** WORK INSTRUCTION **
Reproduce the following data exactly, minus any images.

** THE DATA **
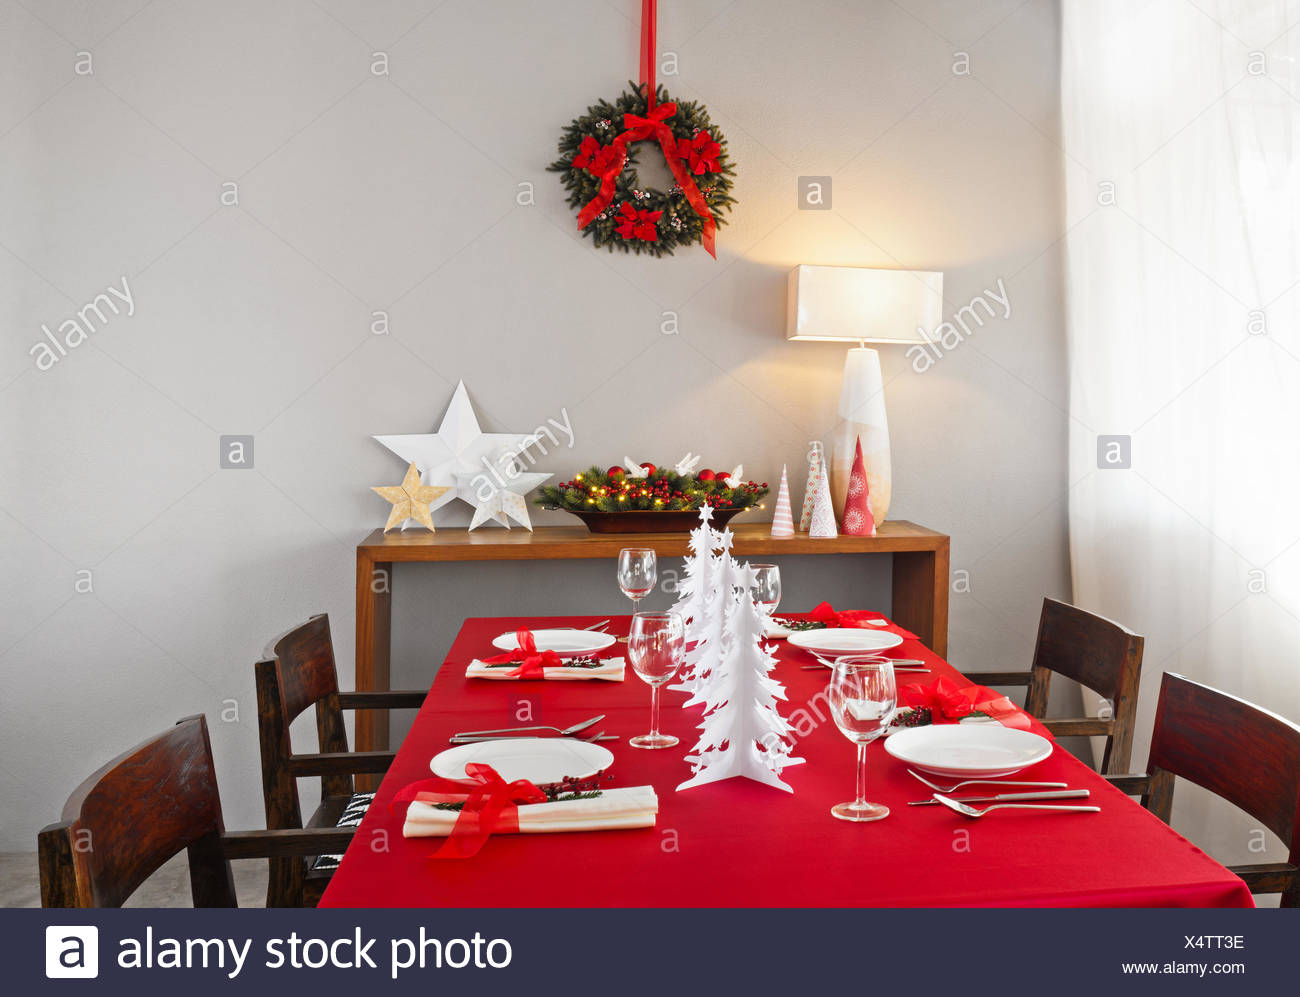 Christmas Dinner Table Setup With Decoration On The Side Board Stock Photo Alamy
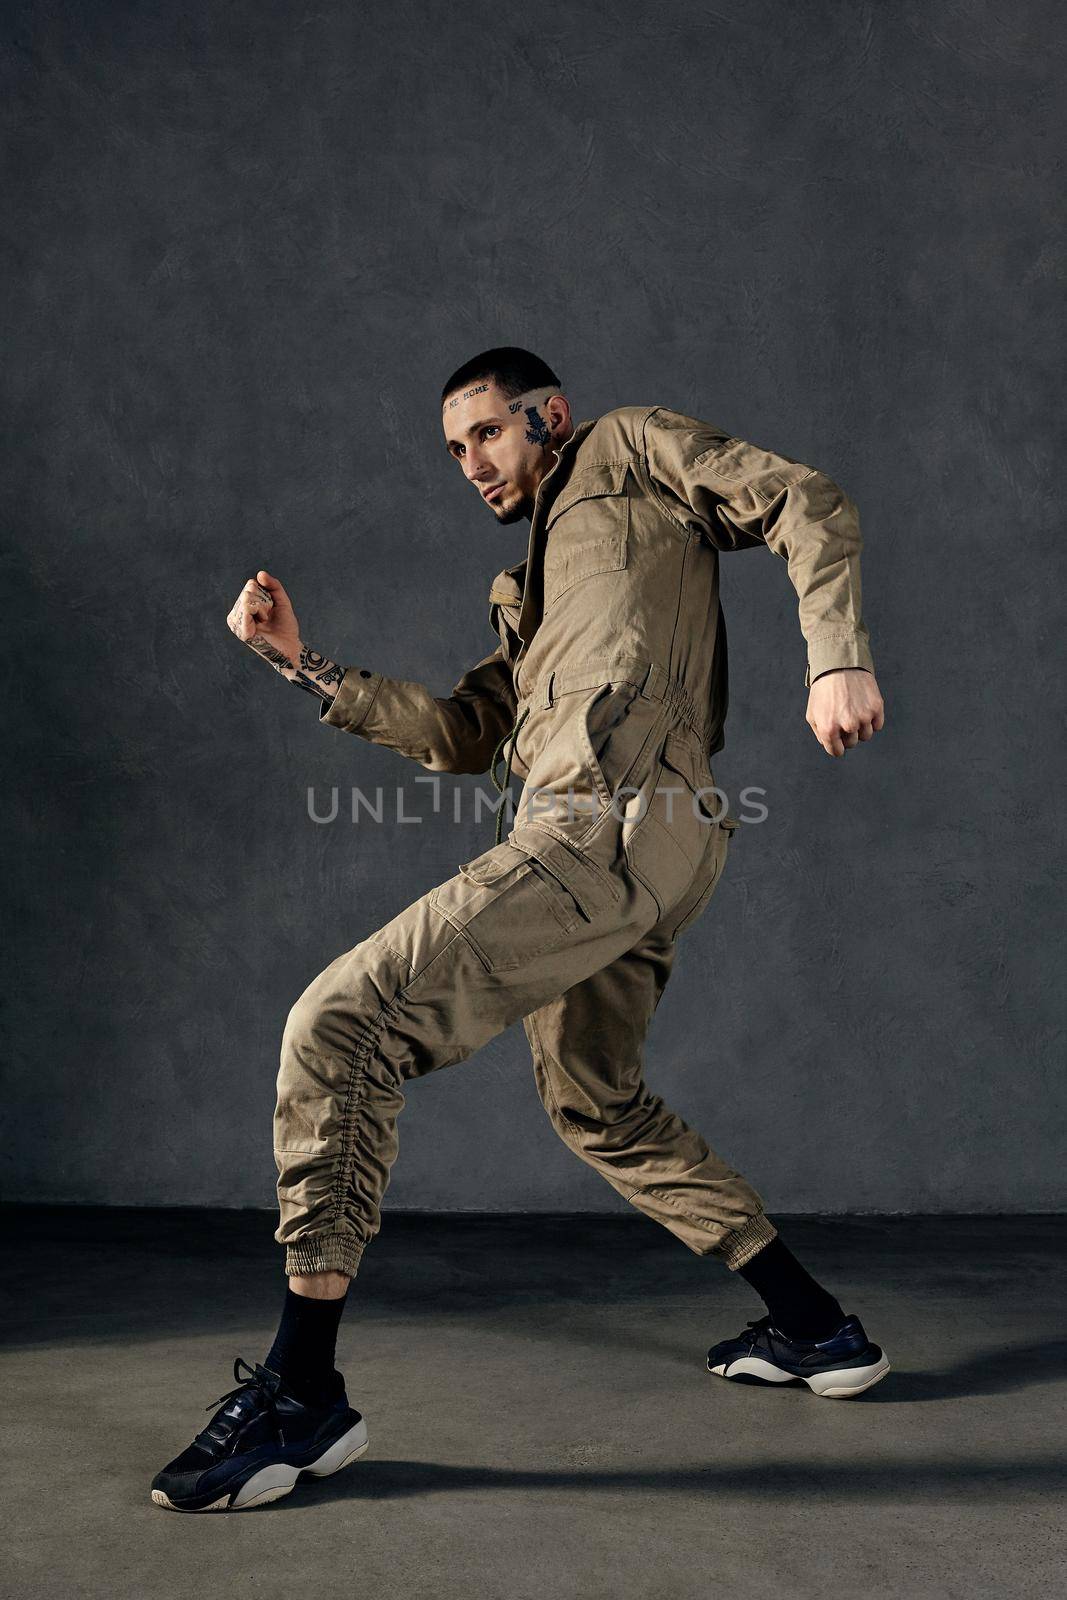 Good-looking man with tattooed body and face, earrings, beard. Dressed in khaki overalls and black sneakers. He is dancing against gray studio background. Dancehall, hip-hop. Full length, copy space
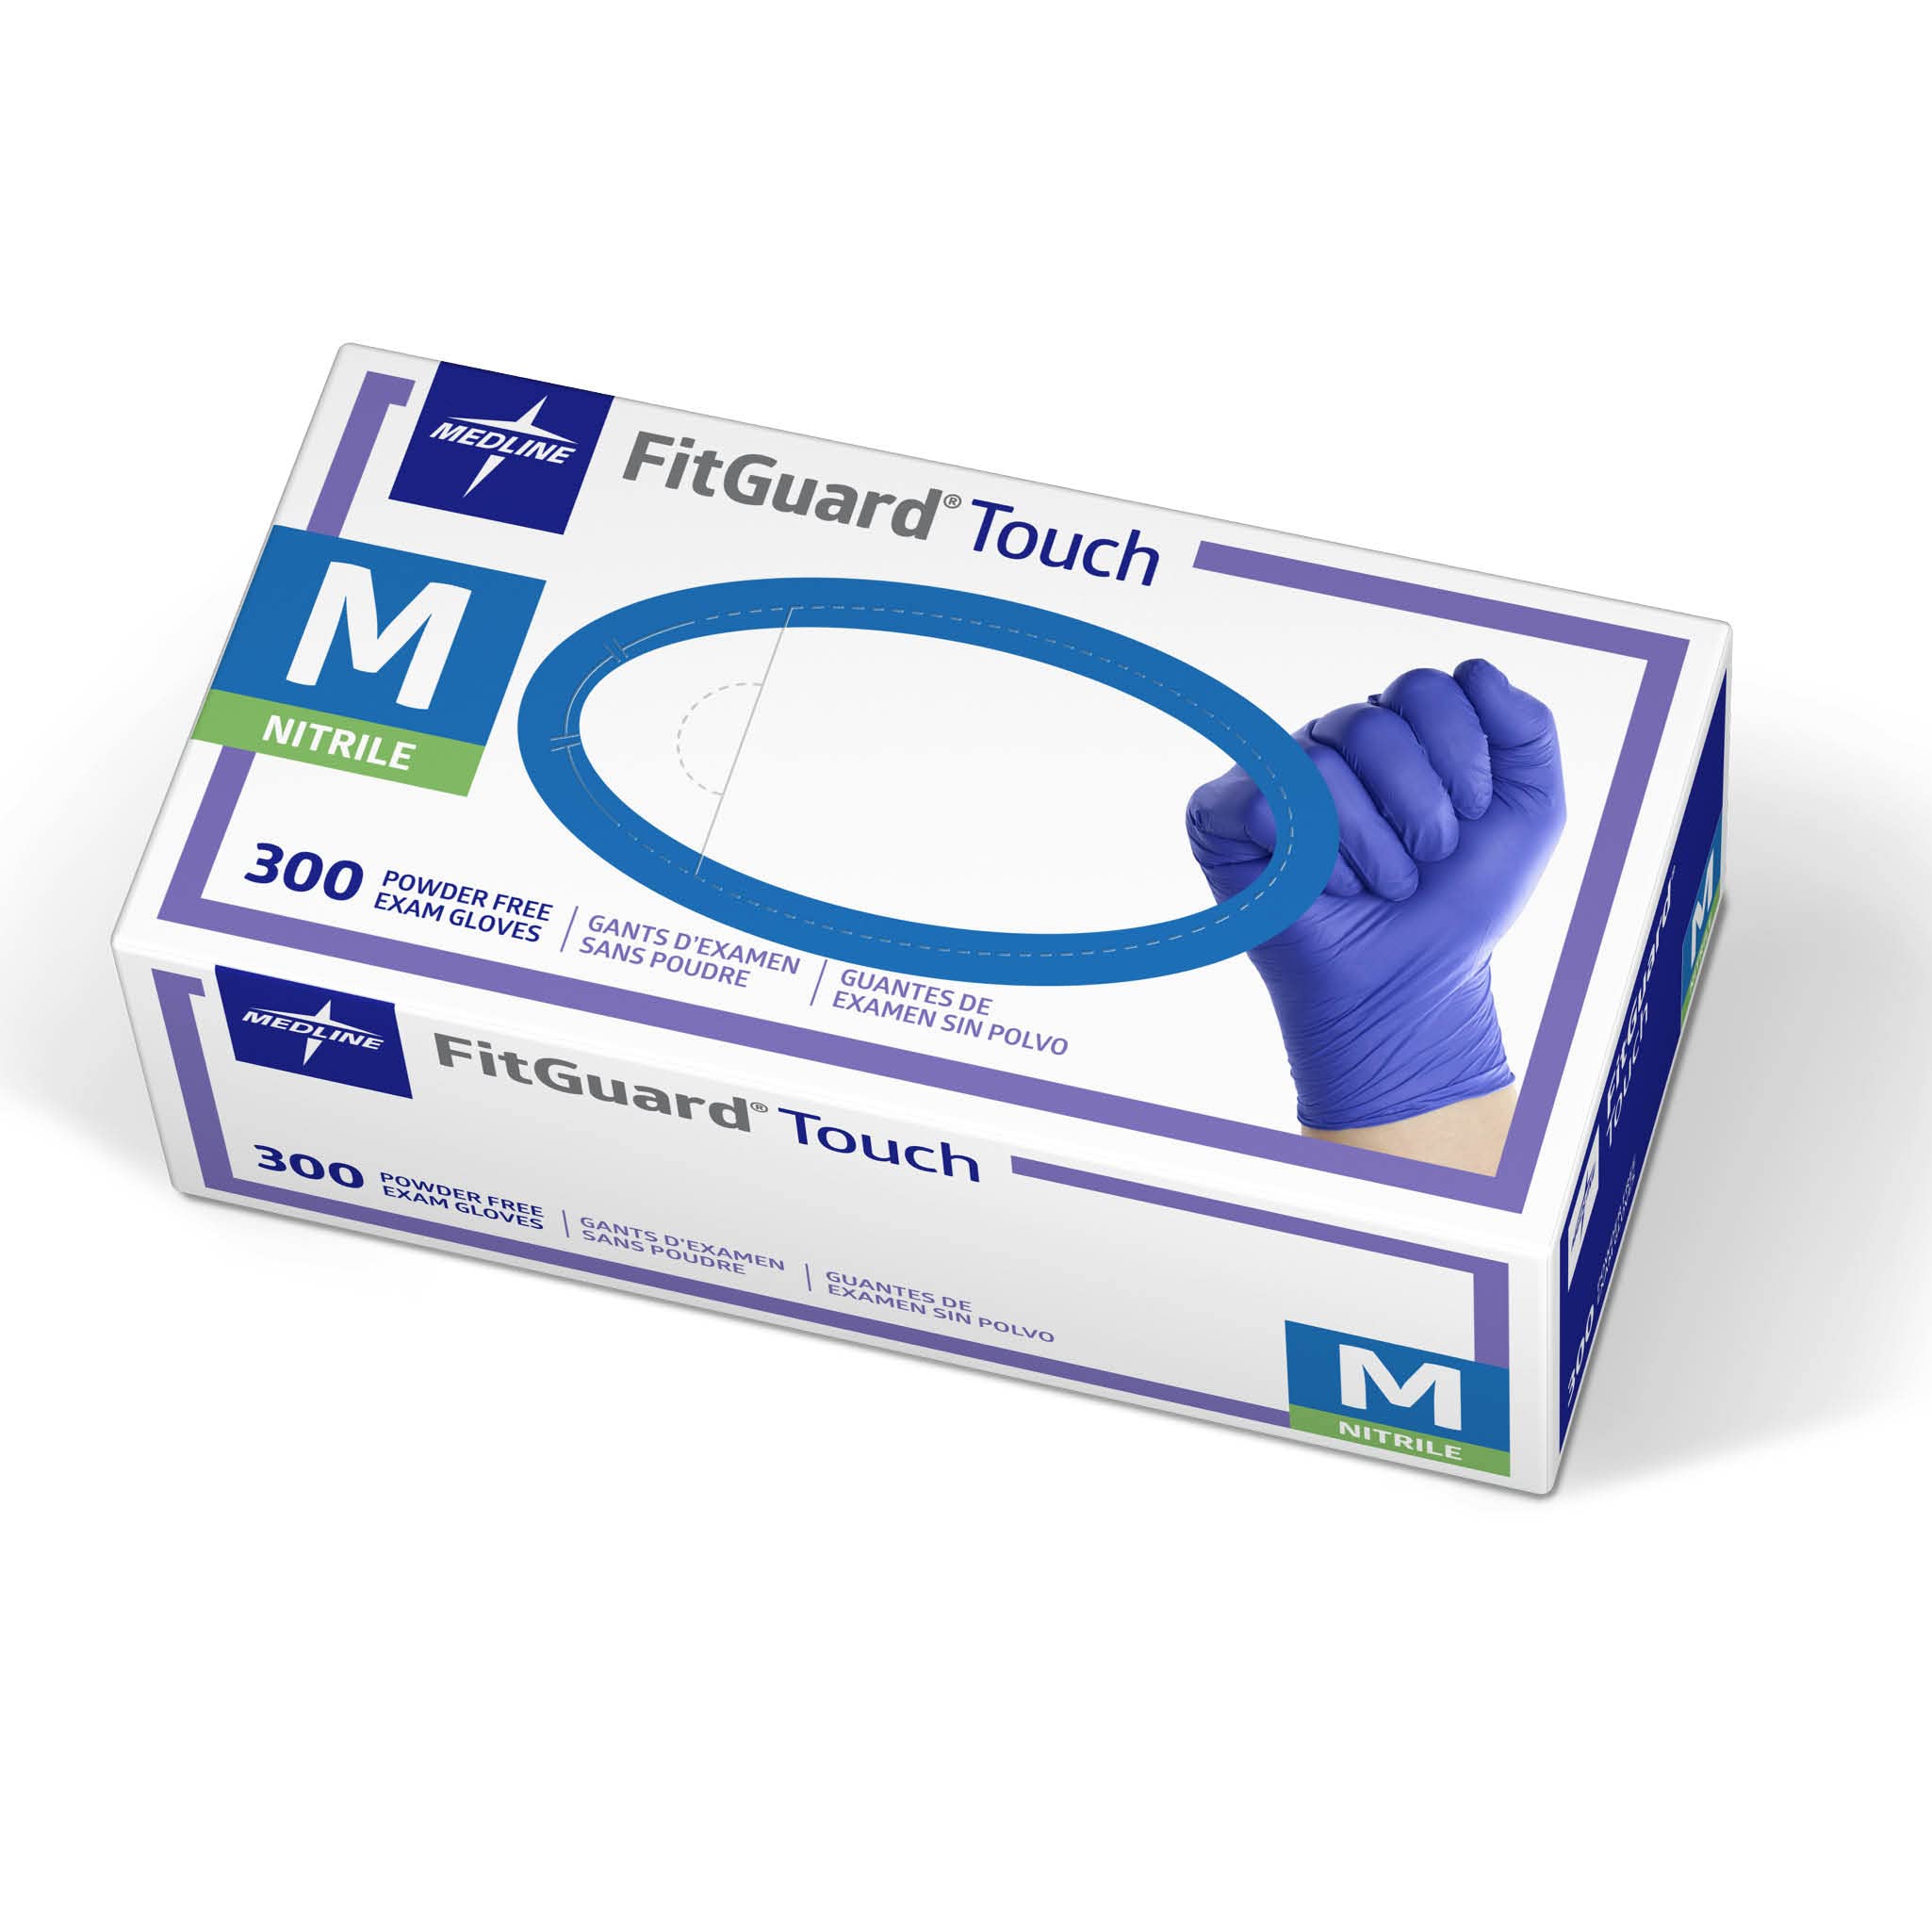 Book Cover Medline FitGuard Touch Nitrile Exam Gloves, 300 Count, Medium, Powder Free, Disposable, Not Made with Natural Rubber Latex, Excellent Sense of Touch for Medical Tasks, Durable for Household Chores Medium (Box of 300)
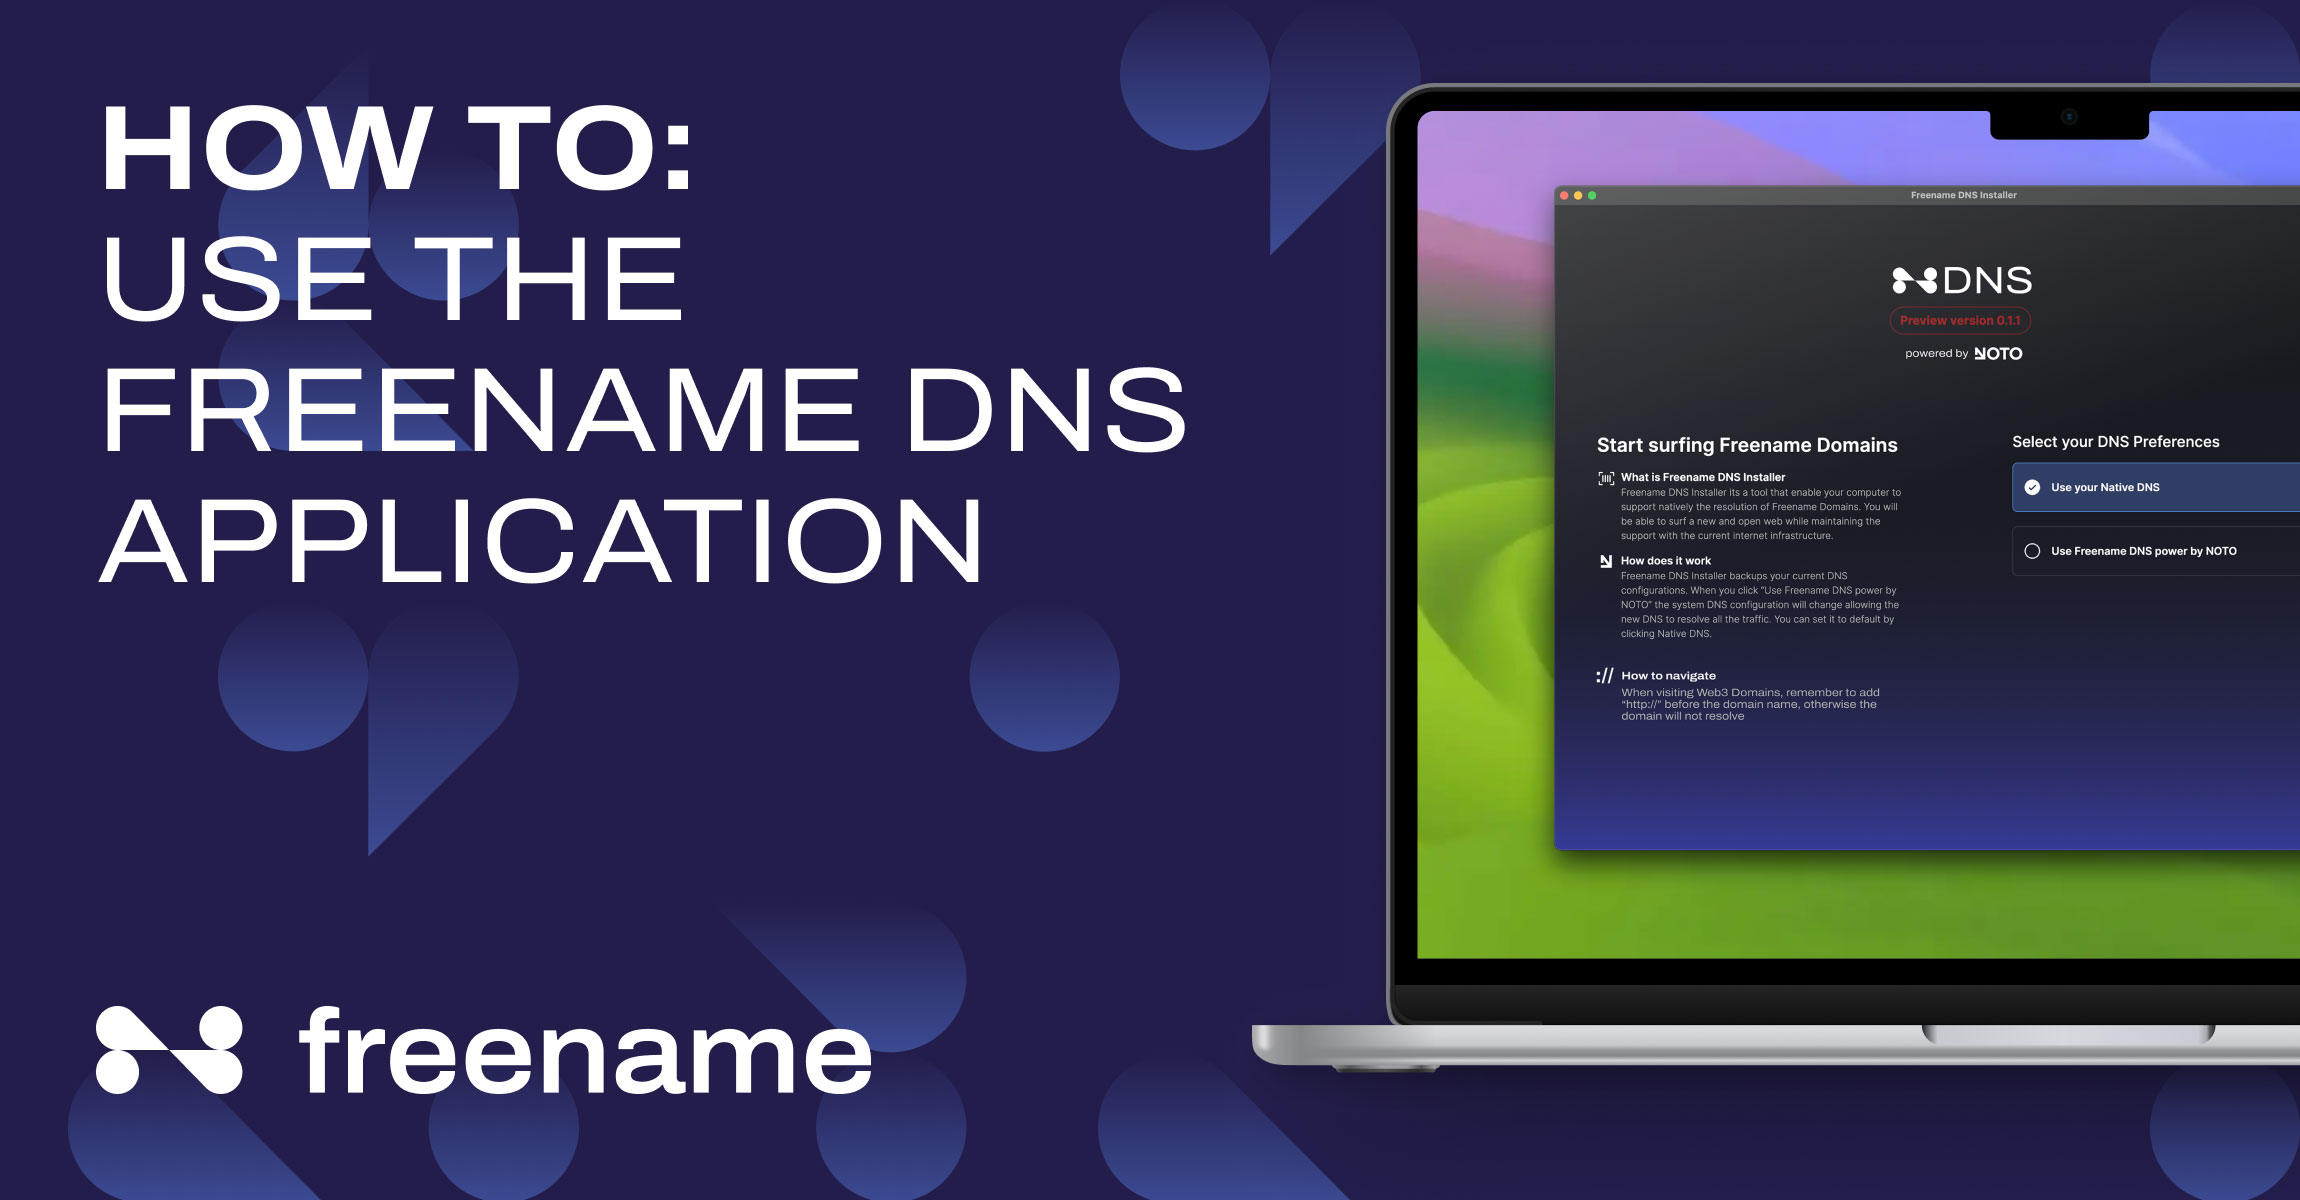 How To: Use the Freename DNS Application

** TASK ANSWER **
 Christmas Dinner Table Setup With Decoration On The Side Board Stock Photo Alamy
 Good-looking man with tattooed body and face, earrings, beard. Dressed in khaki overalls and black sneakers. He is dancing against gray studio background. Dancehall, hip-hop. Full length, copy space
 Book Cover Medline FitGuard Touch Nitrile Exam Gloves, 300 Count, Medium, Powder Free, Disposable, Not Made with Natural Rubber Latex, Excellent Sense of Touch for Medical Tasks, Durable for Household Chores Medium (Box of 300)
 How To: Use the Freename DNS Application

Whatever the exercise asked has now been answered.